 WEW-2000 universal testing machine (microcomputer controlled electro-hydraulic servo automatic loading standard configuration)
****
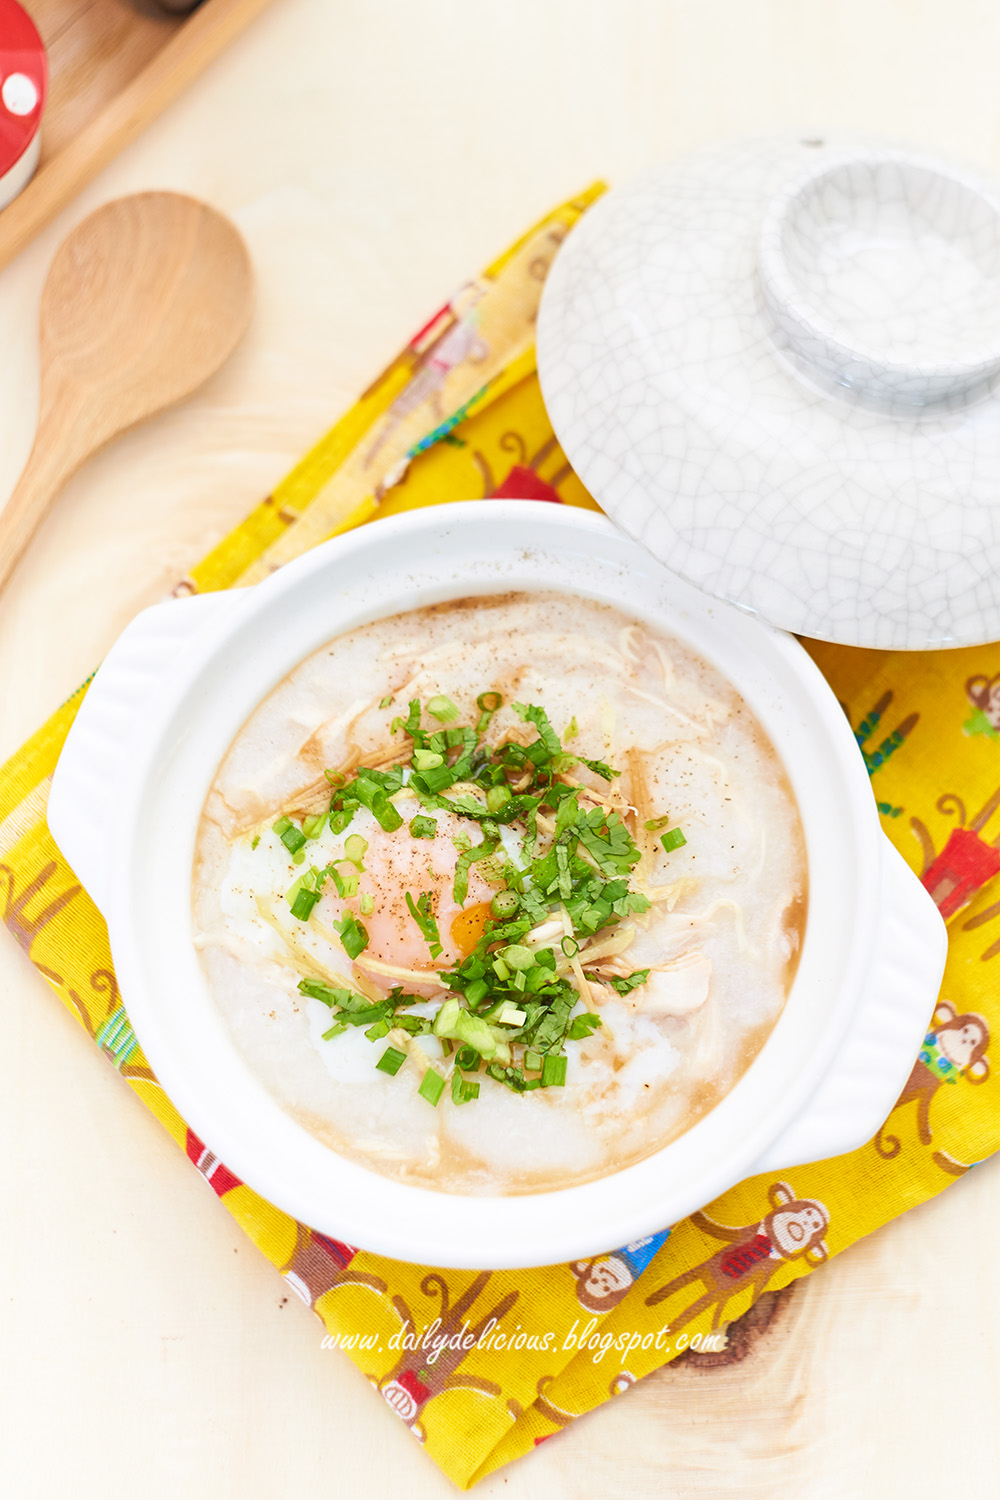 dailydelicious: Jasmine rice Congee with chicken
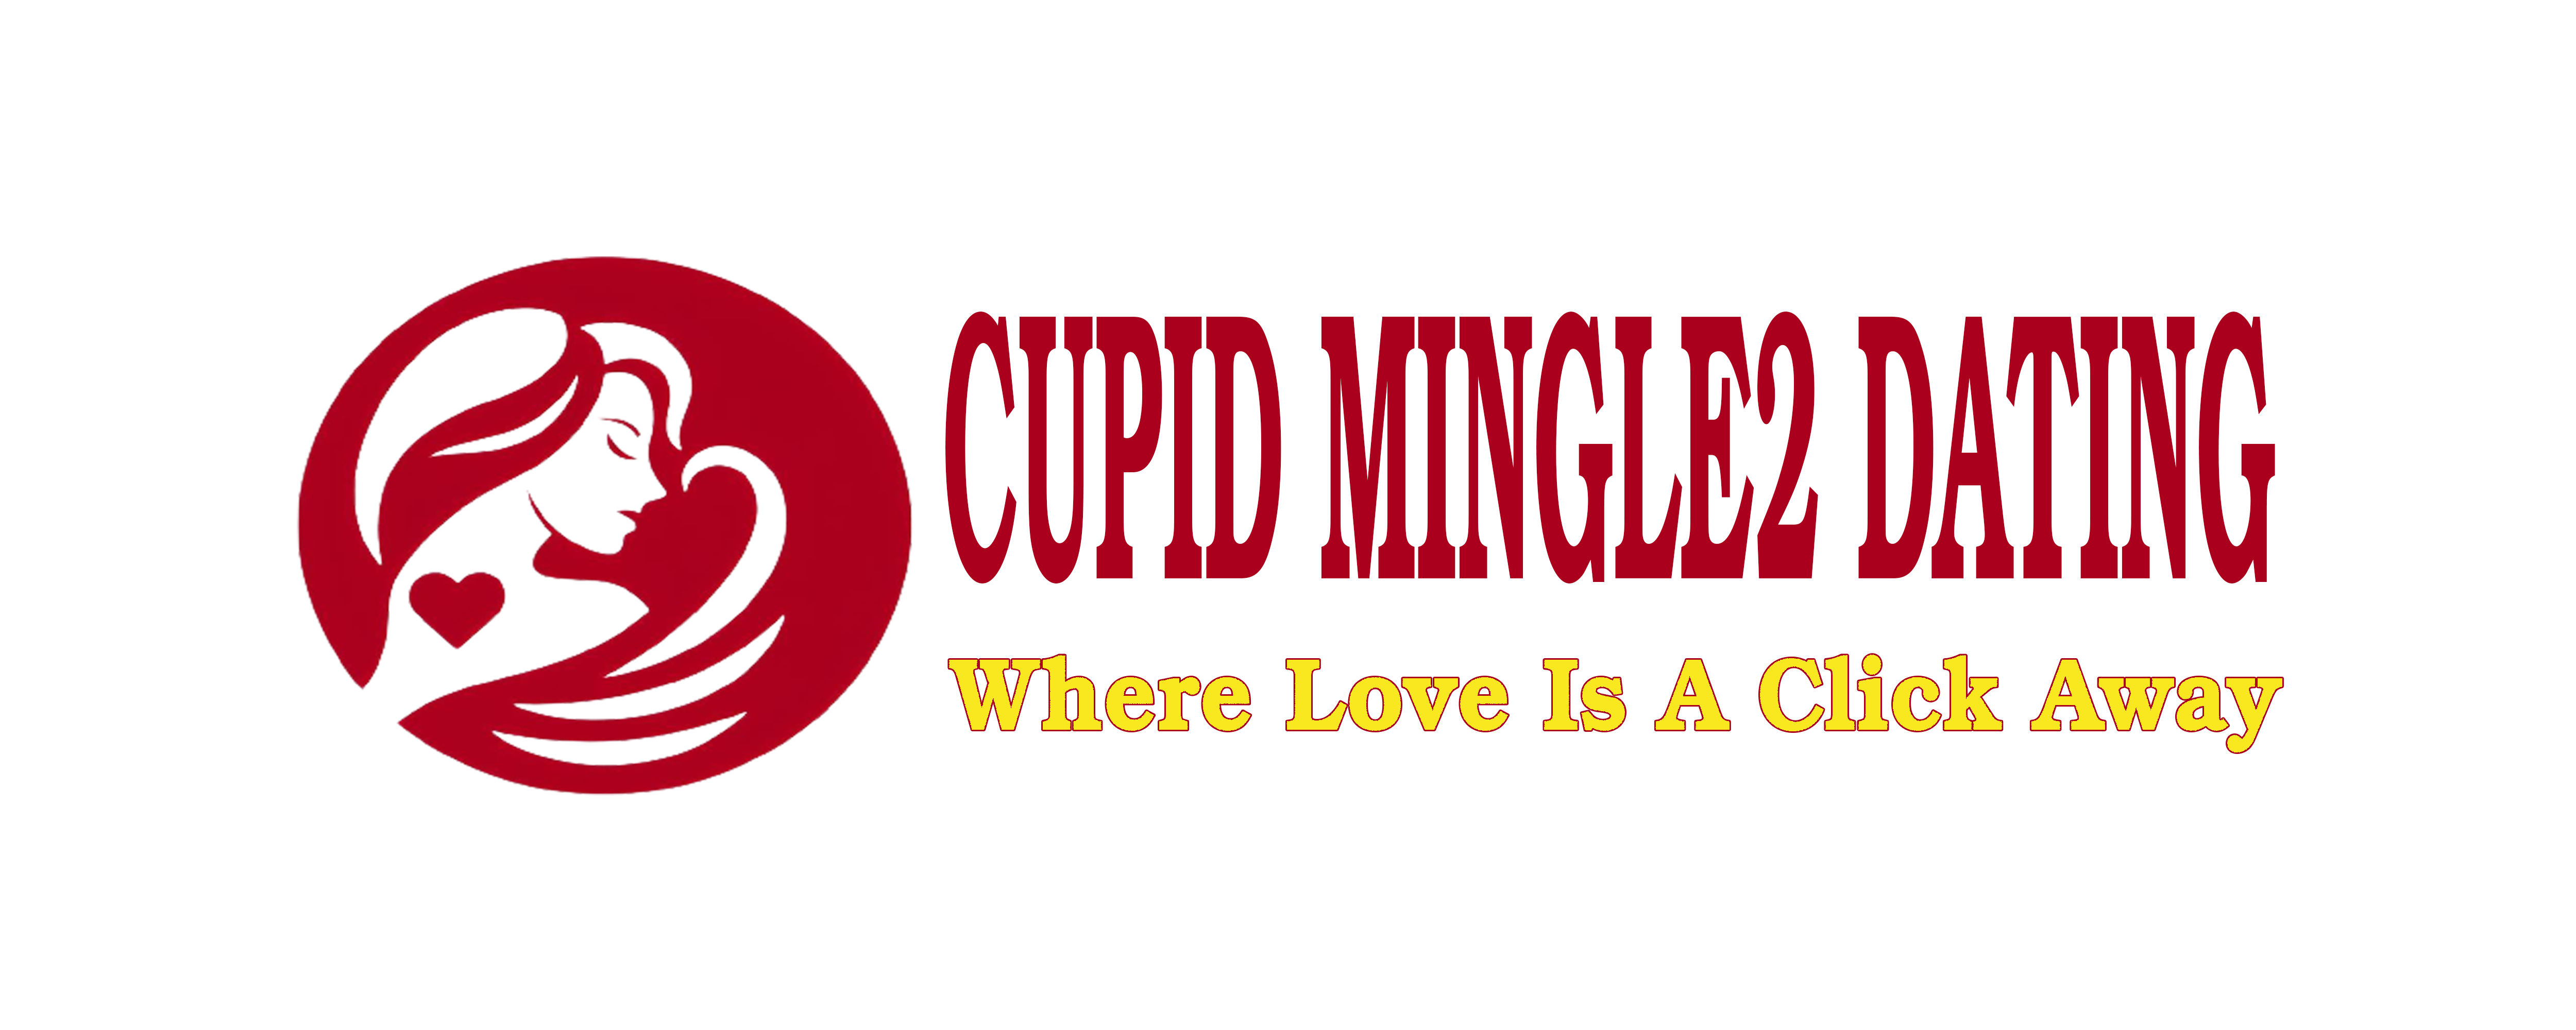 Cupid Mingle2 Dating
****
§ What to produce
Reproduce the records above exactly, but only from the line with "dailydelicious: Jasmine rice" up to and including the line with "Cupid Mingle2 Dating". Leave the pictures out.

§ Solution for this task
 dailydelicious: Jasmine rice Congee with chicken
 Cupid Mingle2 Dating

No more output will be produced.